奈落
あの後、ボクは人間に捕まった。
このときのことは、もう二度と思い出したくない……。
ボクは、森をさまよっているところを見つかって、抵抗する間もなく取り押さえられたんだ。
相手は、魔族の残党狩りをしていたアシハブアっていう国の兵士たち。
モリトール隊。
人類至上主義っていう、人間以外の種族を見下しイジメることを喜びとする、狂った凶悪な奴らの集団だった 。
あいつらは悪魔だ。
オークやゴブリンなんかよりも、ずっと残忍で、狡猾な悪魔。
「おい見ろよ、犬っころのメスだ」
「ハッ、抵抗するだけ無駄だってのに、威勢だけはいいじゃねえか」
縛り上げられたボクを見て、男たちが下品に笑う。
もちろんボク最後まで抵抗したよ。
爪を立てて、歯を剥き出しにして、必死に暴れた。
でも、そんなの無駄だった。
奴らを余計に怒らせただけだった。
「生意気なケダモノには、躾が必要だな」
リーダーの男が、血に濡れたナイフを手にゆっくりと近づいてくる。
男の革鎧がギシギシと軋む音と、泥を踏む足音が、やけに大きく聞こえた。
その目がキラリと光るのが目に入って、本当に怖かった……。
「やめ……やめて……!」
ボクの悲鳴なんて、あいつらには一切届かない。
熱い痛みが頭を貫いて、次に視界が真っ赤に染まった。
何が起きたのか分からなかった。
「あ…ぁ…あああああああああ!」
痛い。痛い。痛い!
男たちが何かを切り落として、それを放り投げるのが見えた。
それは、ボクの…耳だった。
泣き叫んでも、痛みは消えない。
男たちの嫌な笑い声だけが頭に響く。
次に、お尻に焼けるような痛みが走って――
そこでボクの意識は途切れた。
――――――
―――
―
次に目覚めたのは、冷たい石の床の上だった。
鉄格子の向こうから、たくさんの人間の匂いがする。
ボクがいたのは魔族捕虜収容所。
奴隷市場も兼ねているって、誰かが言ってた。
そこではボクはただの商品。
檻の中で、値踏みされるのを待つだけの、ただのモノになった。
ボクは石の床に寝転がって、ただただボーッとしてた。
このときにはもう心は何も感じようになってた。
身体の方は違う。
一応、包帯は巻かれていたけど、耳があった場所がズキズキと痛む 。
尻尾があった場所はもっと痛い 。
座るたびに傷口が石の床に擦れて、鈍い痛みが走る 。
でも、そんな痛みもどうでもよくなった。
ただボーッとしながらも、心の奥底で静かに燃える人間への憎しみだけが、冷たくなったボクの心が死んじゃうのをギリギリ止めてた。
そうじゃなきゃ、とっくに死んでた。
そこからは毎日、同じことの繰り返し。
朝になると、固くて不味いパンが一つ、檻の中に投げ込まれる。
昼間は、奴隷を買いに来た人間たちが、ボクを珍しい見世物みたいに眺めていく 。
「おい、あれ見ろよ。犬っころだってさ」
「耳も尻尾もねえのか。不良品だな」
「ハハハ、本当。これじゃあ使えないわね」
下品な笑い声が聞こえる。
ボクは檻の奥で膝を抱えて、ただじっと耐える。
反応したら負けだ。
こいつらの思う壺だ。
ボクはまだ死んでない。
魔族と人間に復讐するまでは、絶対に死んでやらない。
夜になると、少しだけ静かになる。
隣の檻にいるオーガの男の子が、ときどき話しかけてくる。
たぶん故郷とか家族の話だったと思う。
ボクのことを心配して話しかけてくれたみたいだけど、どんな話をしてくれたのかほとんど覚えていない。

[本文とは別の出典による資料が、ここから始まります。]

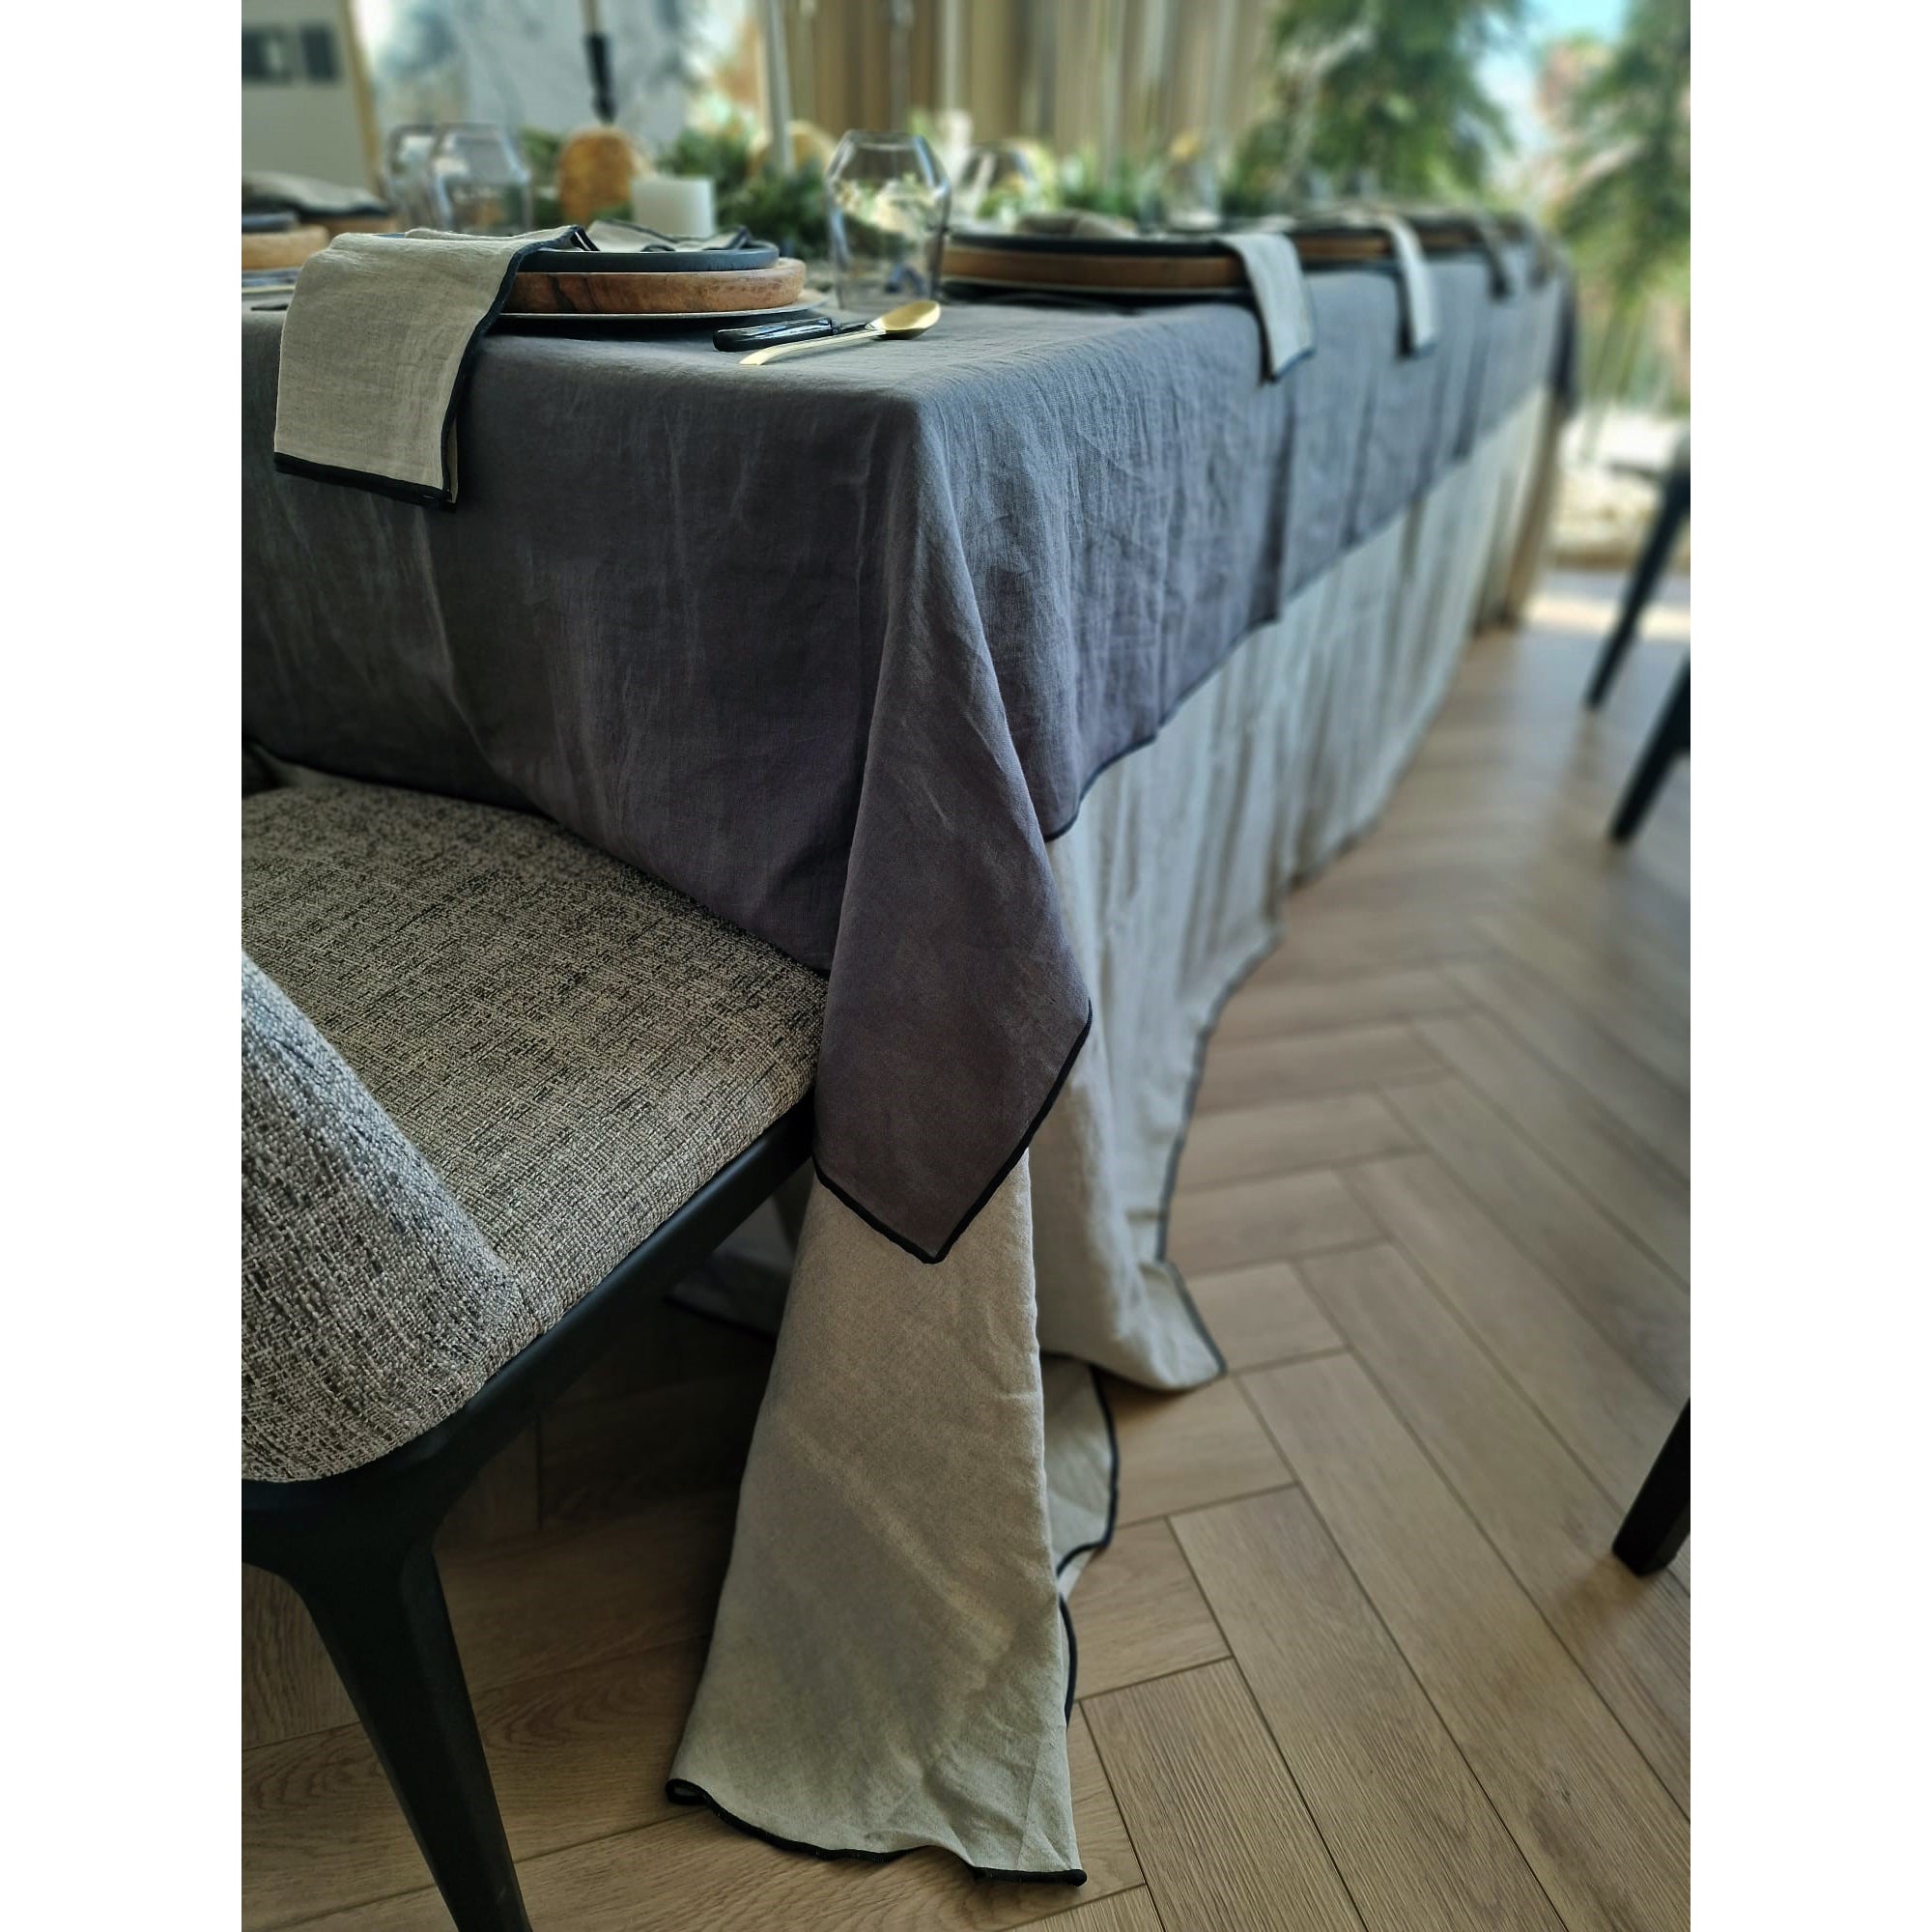 Mantel de lino gris sobre mantel de lino natural.

ただ、そのときの彼の顔が、なんだか少しだけ……昔の友達に似てた気がした。
ボクは、ほとんど何も話さない。
話せることなんて、もう何もないから。
ただ夜空に浮かぶ二つの月を眺めるだけ。
パパ、ママ……。
ボク、まだ生きてるよ。
だから、見てて。
いつか必ず、魔族も人間も、みんな殺して、そっちに行くから……。